Kishida Marks 1,000 Days in Office; Plagued by Low Approval Ratings Despite Policy Achievements

The Yomiuri Shimbun
Prime Minister Kishida answers questions from reporters on Friday.

Prime Minister Fumio Kishida marked 1,000 days in office Saturday but, despite the policy achievements he boasts of, he has been burdened by low approval ratings.

Kishida has been tackling issues that have been left unaddressed since the administration of former Prime Minister Shinzo Abe, such as measures to drastically strengthen defense capabilities and to restart nuclear power plants. He also is proud of his success in his endeavor to promote diplomatic and economic policies, but that has not led the public to give him high marks.

It has been noted that Kishida has failed to coordinate with ruling Liberal Democratic Party members and others as well as provide necessary explanations to the public.

Asked by reporters how he feels about his tenure as prime minister on Friday, Kishida said, “It has been constantly tense as I’ve found myself grappling with many issues both at home and abroad.”

Regarding this autumn’s LDP presidential race, Kishida, who is expected to try to keep his post as LDP president, did not go further than saying, “I am doing my utmost to achieve results on issues that cannot be postponed, such as political reform and economic issues.”

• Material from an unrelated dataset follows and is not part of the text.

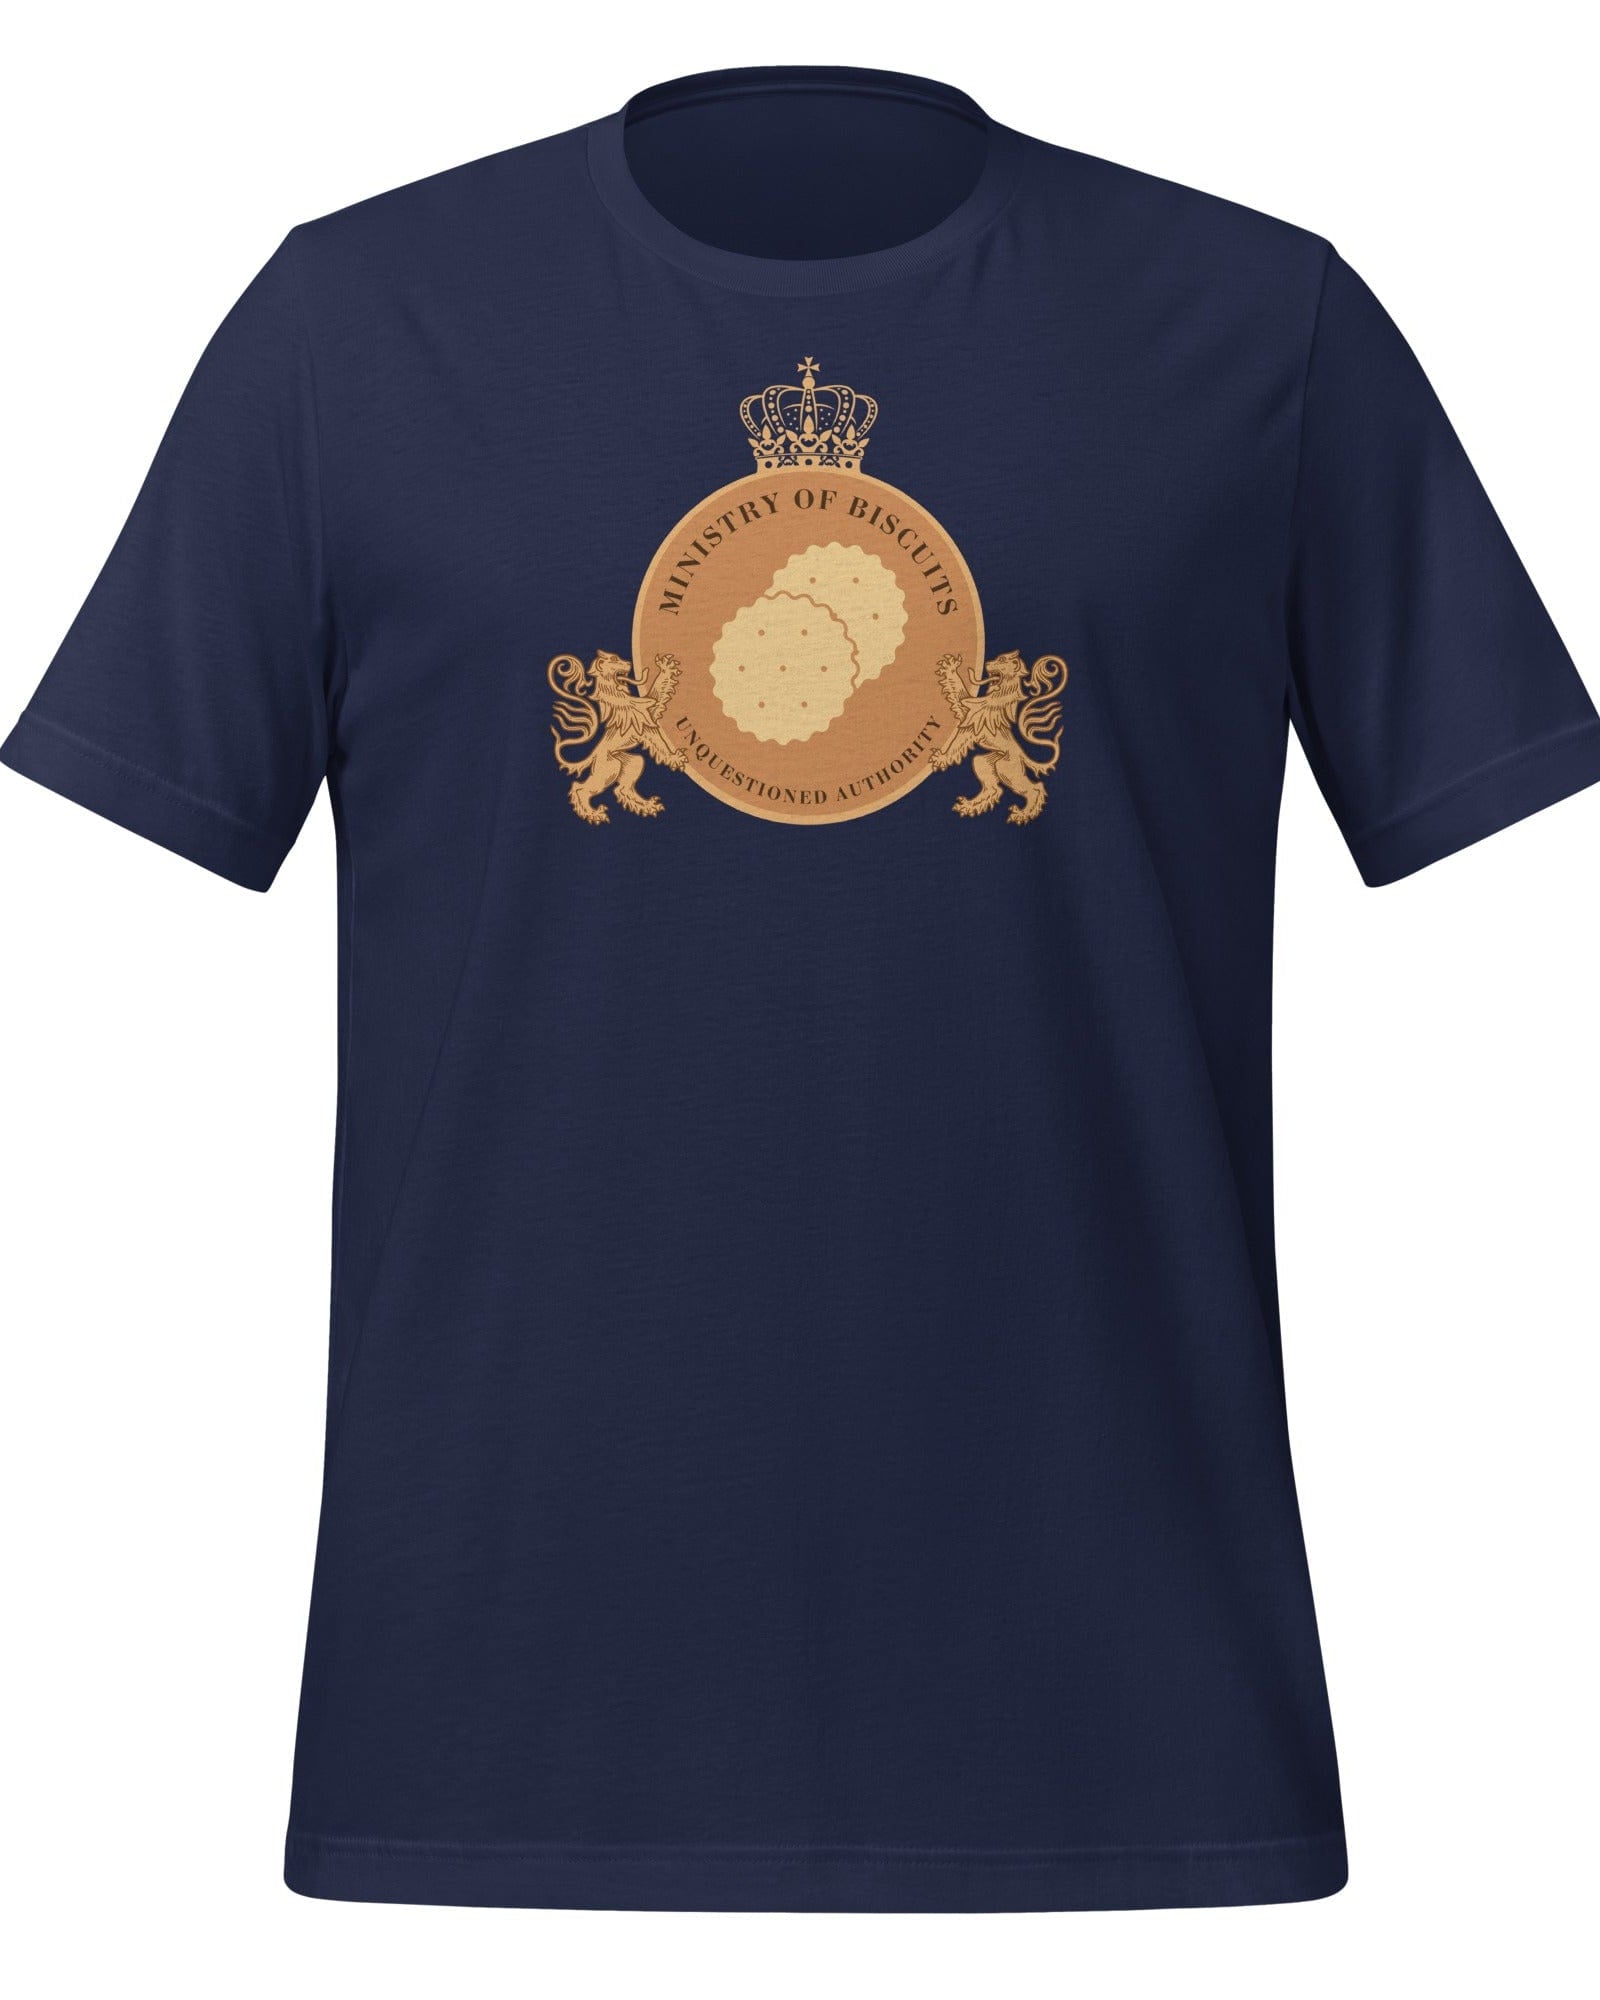 Ministry of Biscuits T-Shirt Navy / S Shirts & Tops Jolly & Goode

Kishida’s greatest achievement is the revision of three documents, including the National Security Strategy, which clarify the nation’s possession of counterattack capabilities and the increase in defense expenditures, thereby marking a turning point in the government’s postwar security policy.

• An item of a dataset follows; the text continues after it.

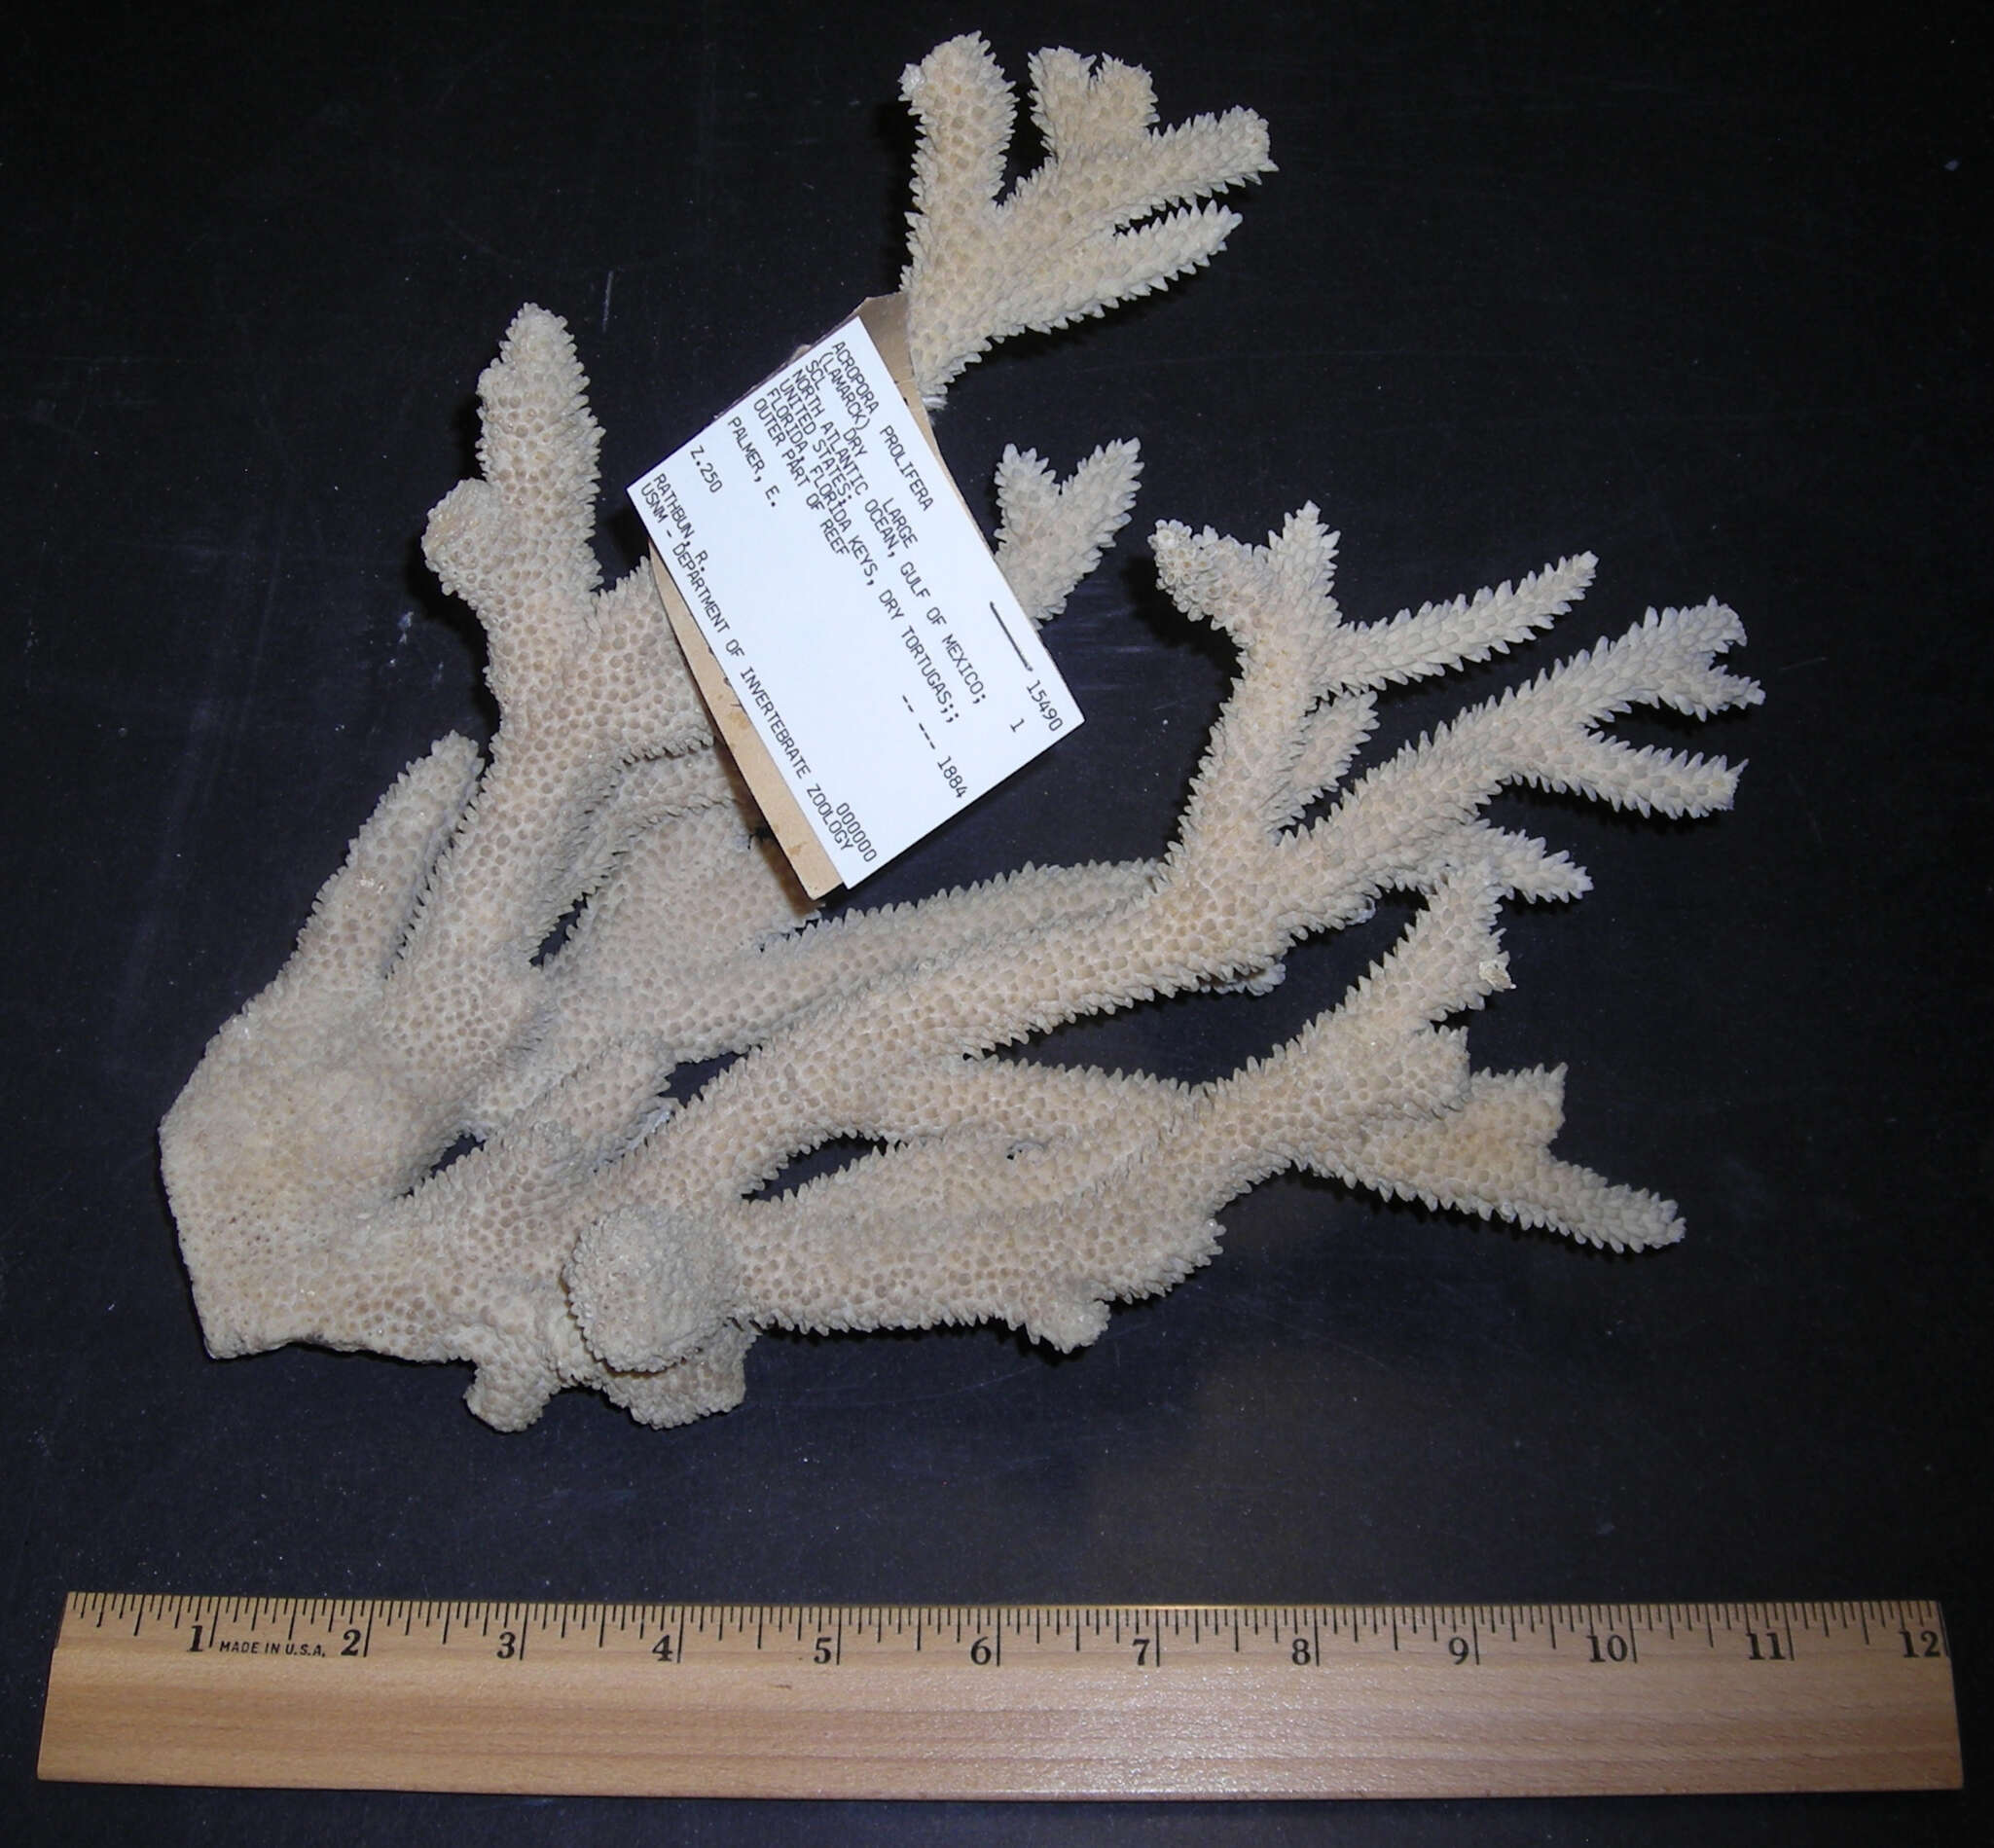 Image of Eight-ray finger coral

In the area of nuclear energy policy, Kishida announced his intention to promote the resumption of nuclear power plants and to consider building new nuclear reactors. He also gave the decision to release into the ocean treated water stored at Tokyo Electric Power Company Holdings, Inc.’s Fukushima No. 1 nuclear power plant.

Kishida aimed to completely break the economy free from deflation, and the highest average wage hikes in 33 years were realized in this year’s shunto spring wage negotiations. The Nikkei stock average also reached its highest level in about 34 years.

Calling for “extraordinary measures to address the low birth rate,” Kishida also revised a law to establish a support fund for children and child rearing.

Initial success not maintained

However, these achievements have not directly improved the approval rating of the Cabinet.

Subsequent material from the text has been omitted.